§ **SUPPLIED DATA**:
....
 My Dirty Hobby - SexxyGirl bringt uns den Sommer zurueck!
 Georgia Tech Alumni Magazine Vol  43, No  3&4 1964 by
....
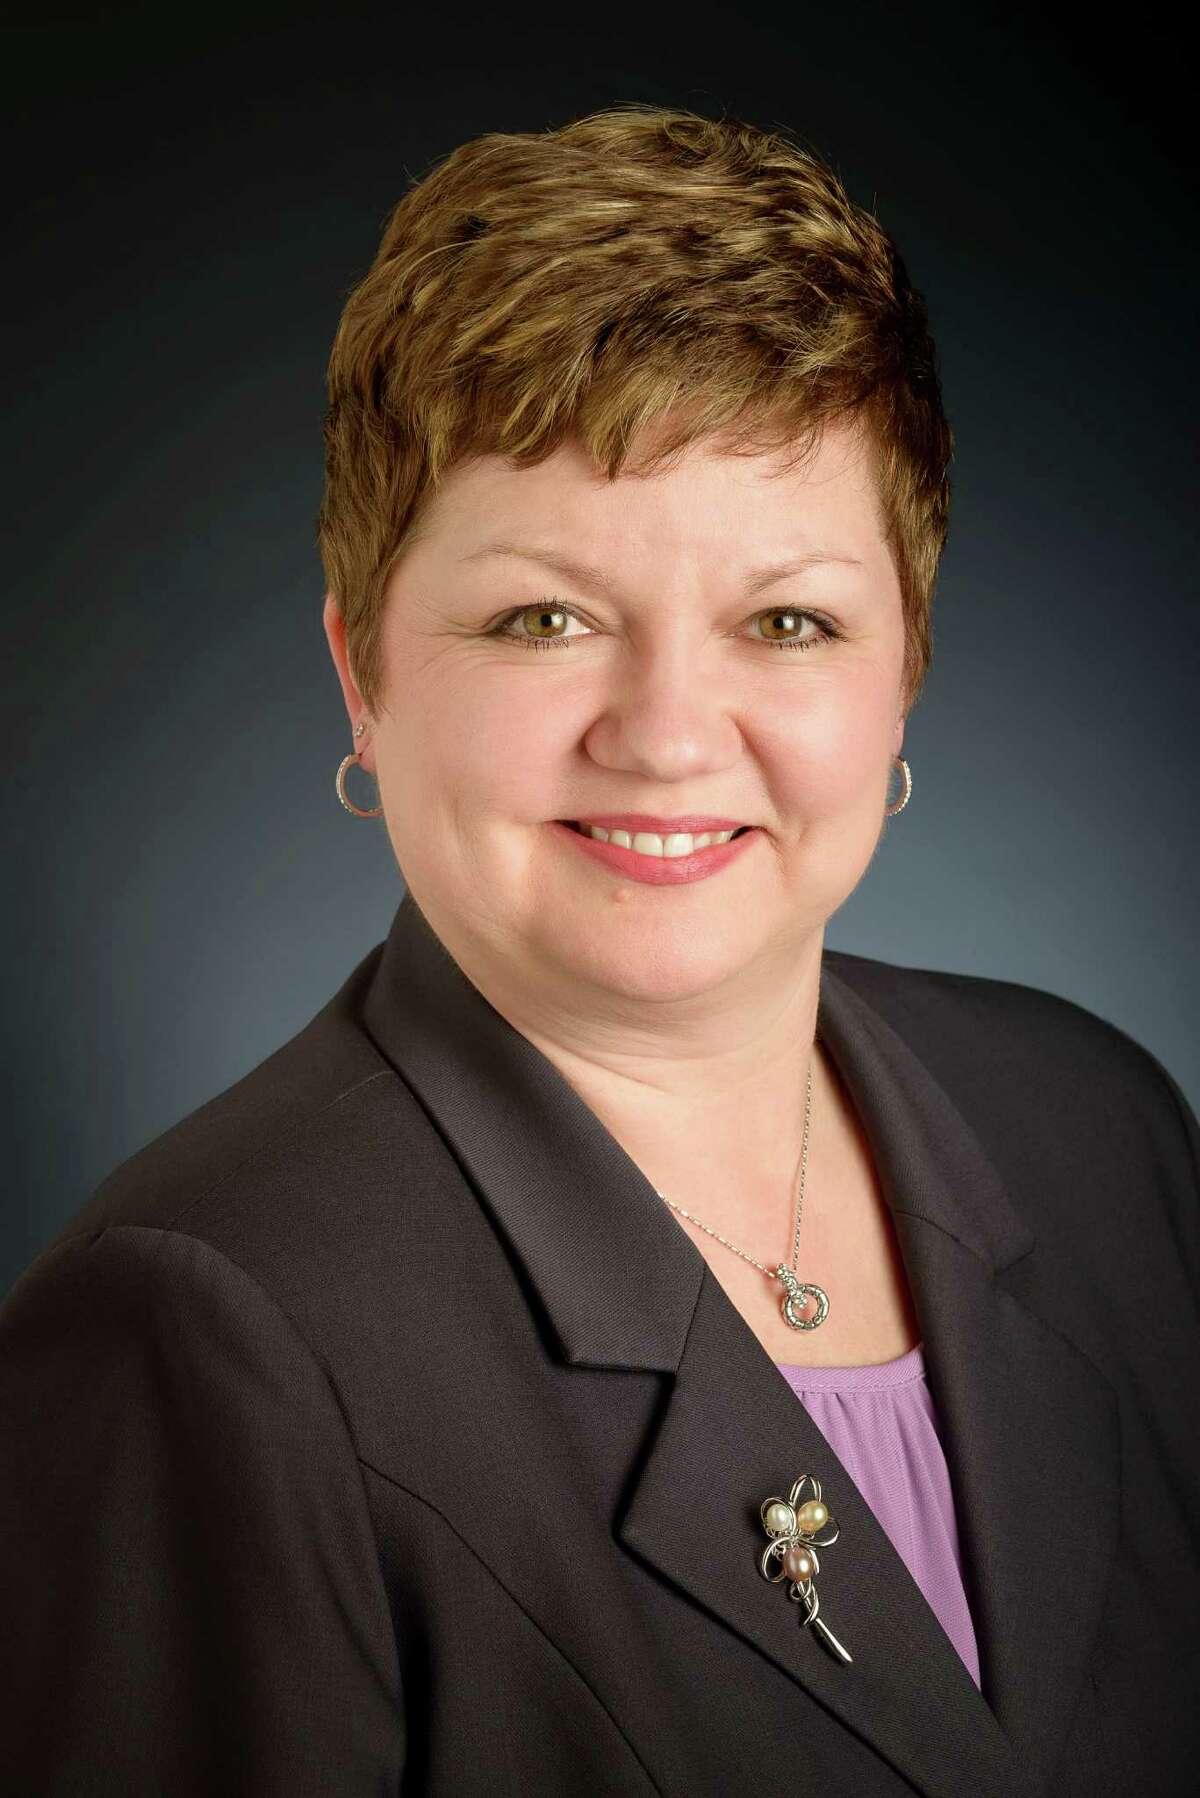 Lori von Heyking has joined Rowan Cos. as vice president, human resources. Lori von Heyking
....
§ **EXERCISE DIRECTIONS**: All lines above from the one with "My Dirty Hobby" to the one with "Georgia Tech Alumni", inclusive, should be copied exactly, and no other lines.

§ **OUTPUT OF THE TASK**:
 My Dirty Hobby - SexxyGirl bringt uns den Sommer zurueck!
 Georgia Tech Alumni Magazine Vol  43, No  3&4 1964 by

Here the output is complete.